Exercise instructions.
Quote each line of the material verbatim, without the pictures.

Exercise data.

◆ ◆ ◆ ◆ ◆

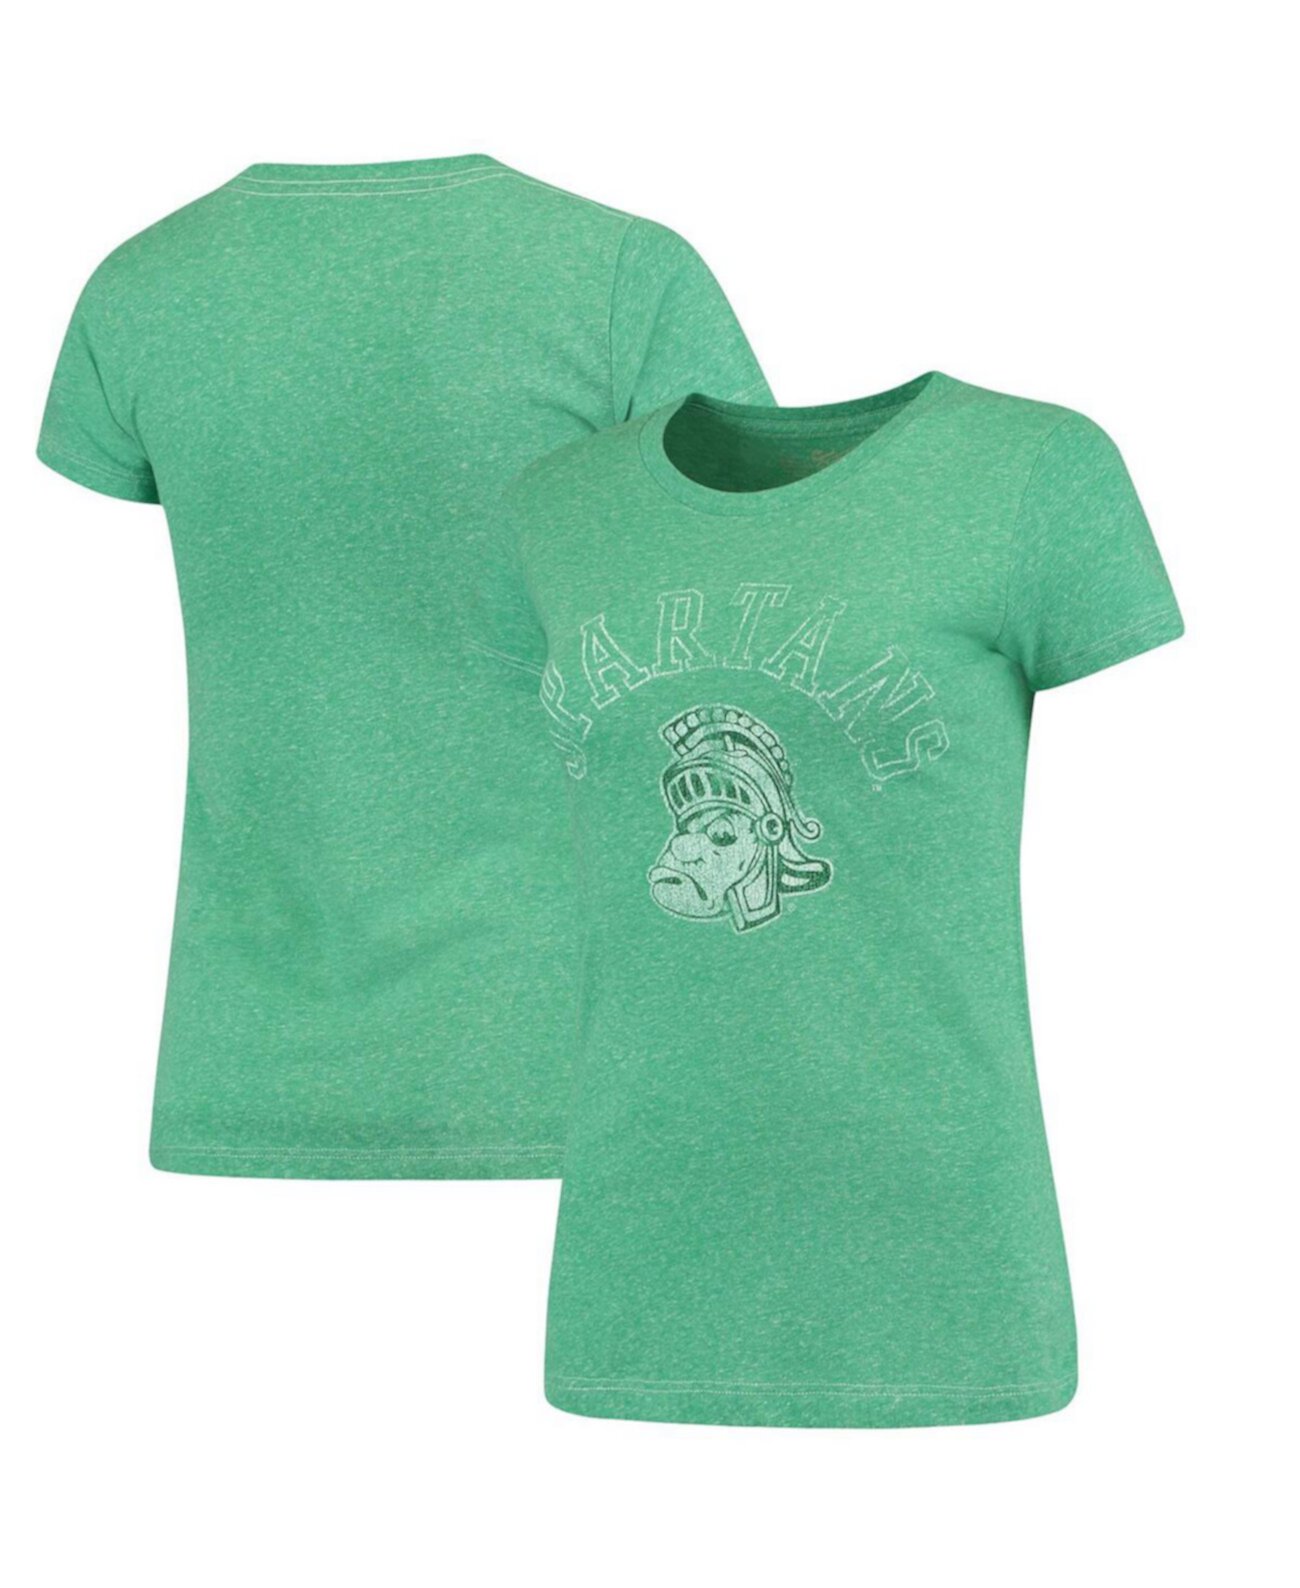 Женская футболка с круглым вырезом цвета яблока зеленого цвета Michigan State Spartans Tri-Blend Original Retro Brand
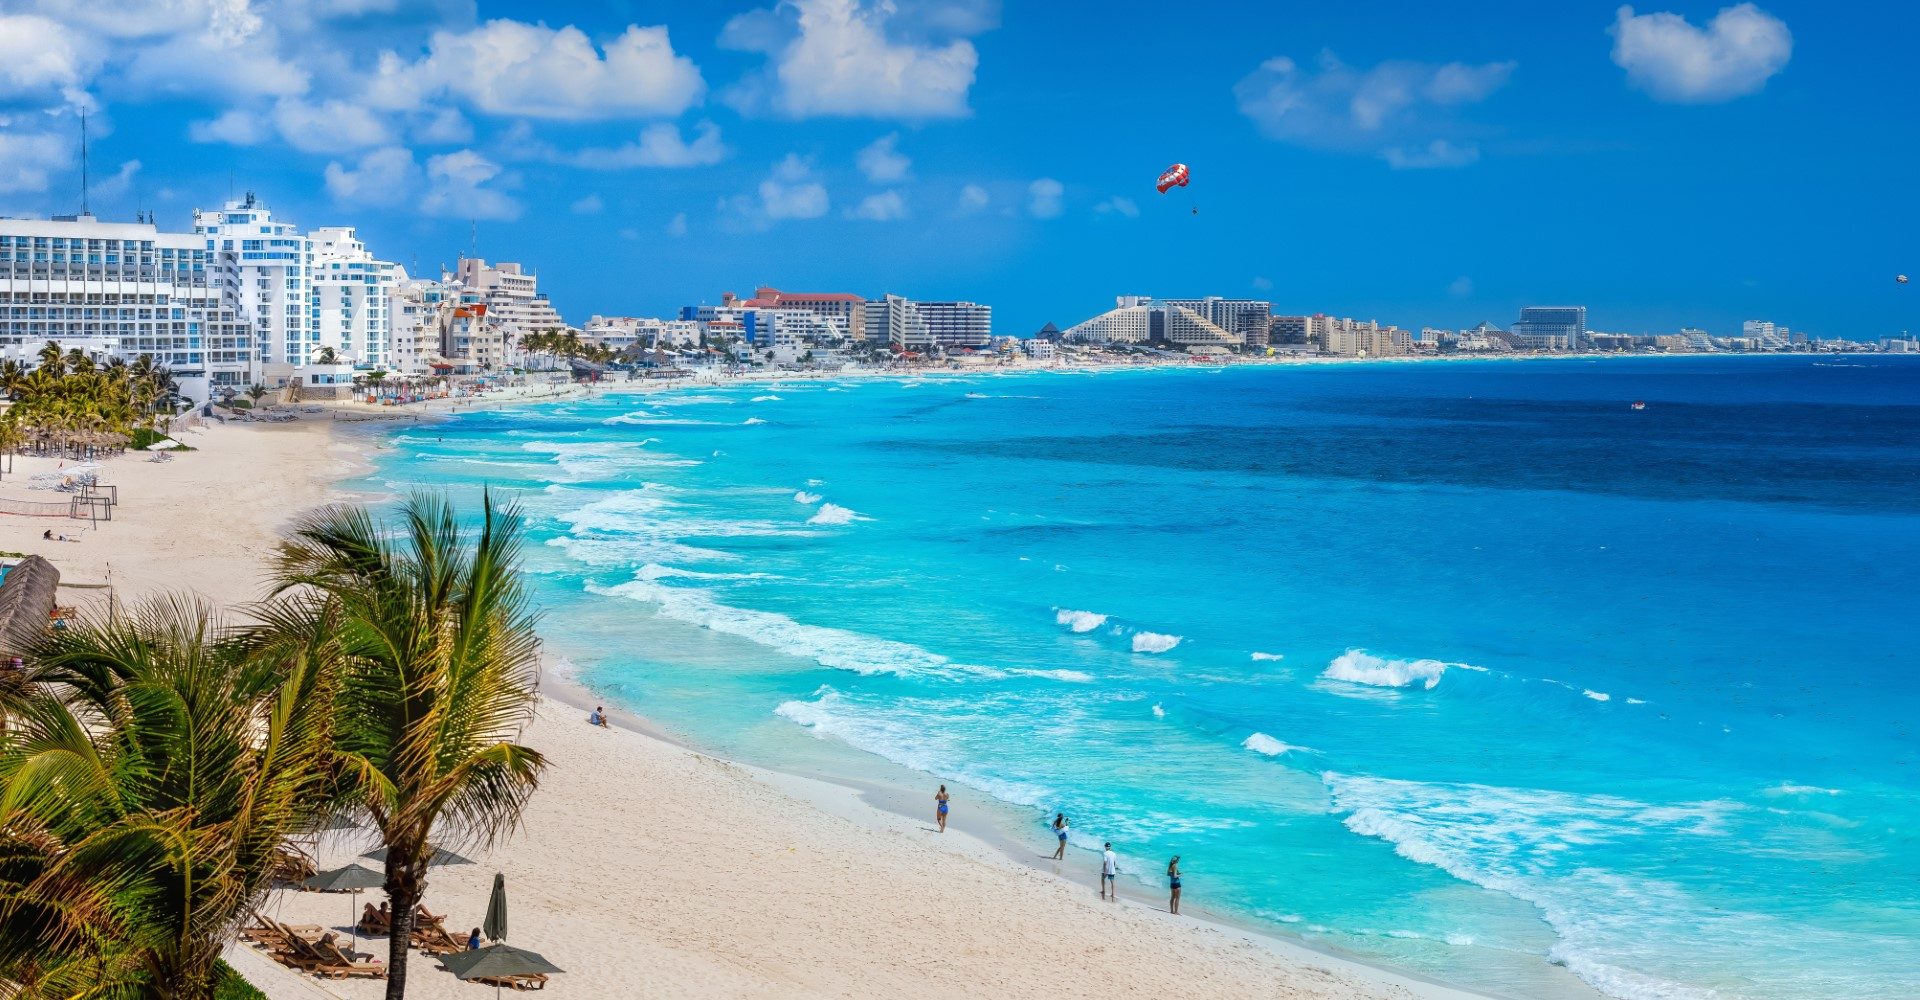 Beach near Cancun. (Photo internet reproduction)
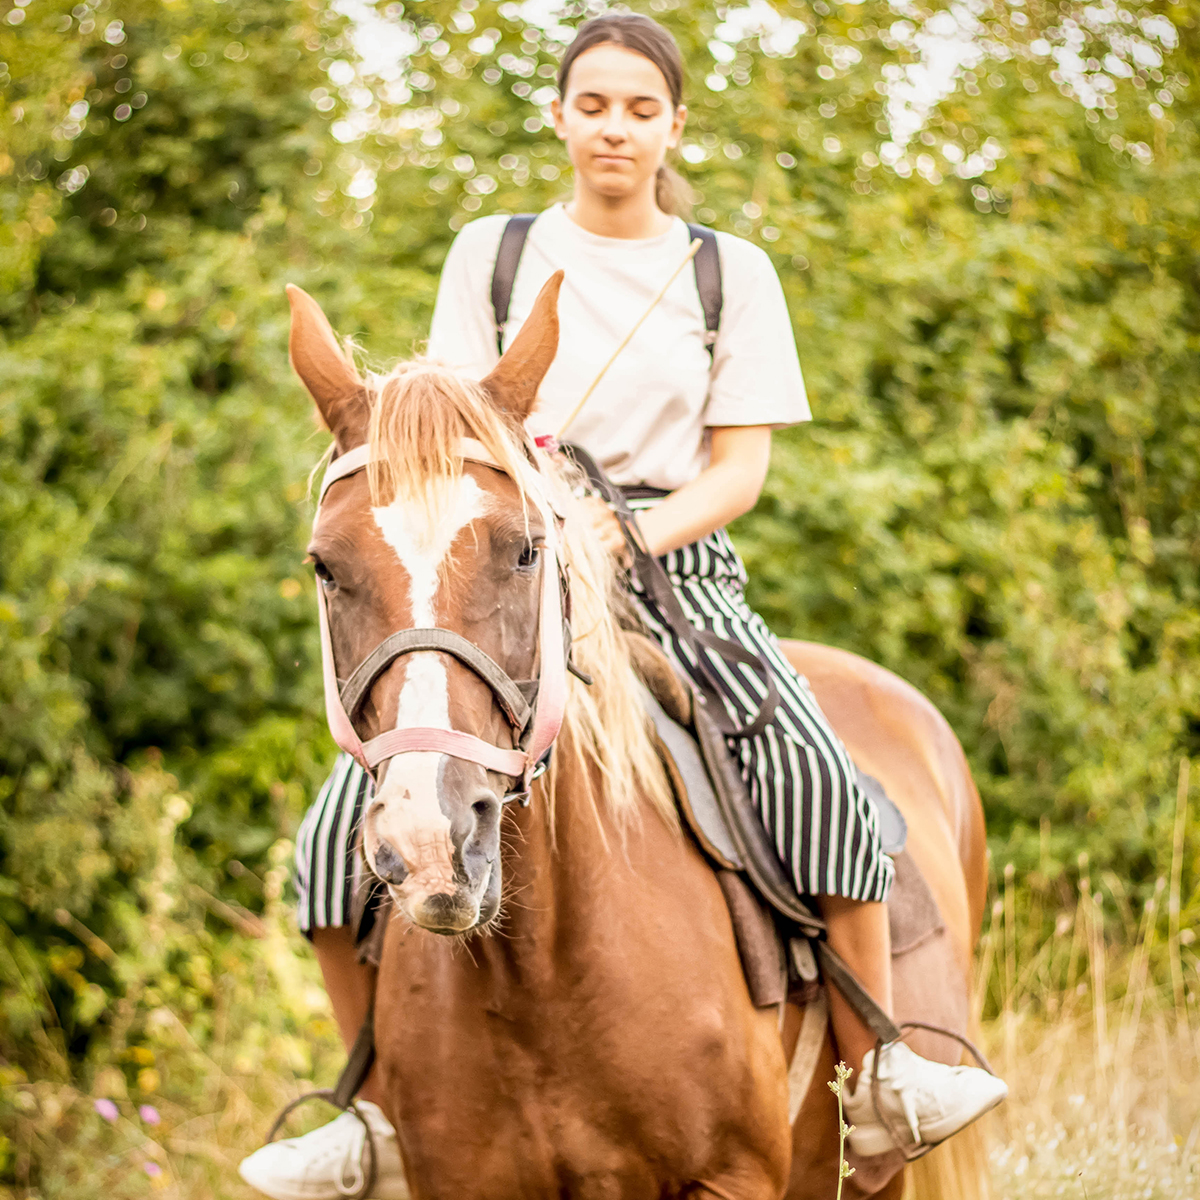  девушка на лошади, активный отдых, катание на лошади в Анапе, конные прогулки, конный прокат в Анапе

◆ ◆ ◆ ◆ ◆

Solution to the exercise.
 Женская футболка с круглым вырезом цвета яблока зеленого цвета Michigan State Spartans Tri-Blend Original Retro Brand
 Beach near Cancun. (Photo internet reproduction)
  девушка на лошади, активный отдых, катание на лошади в Анапе, конные прогулки, конный прокат в Анапе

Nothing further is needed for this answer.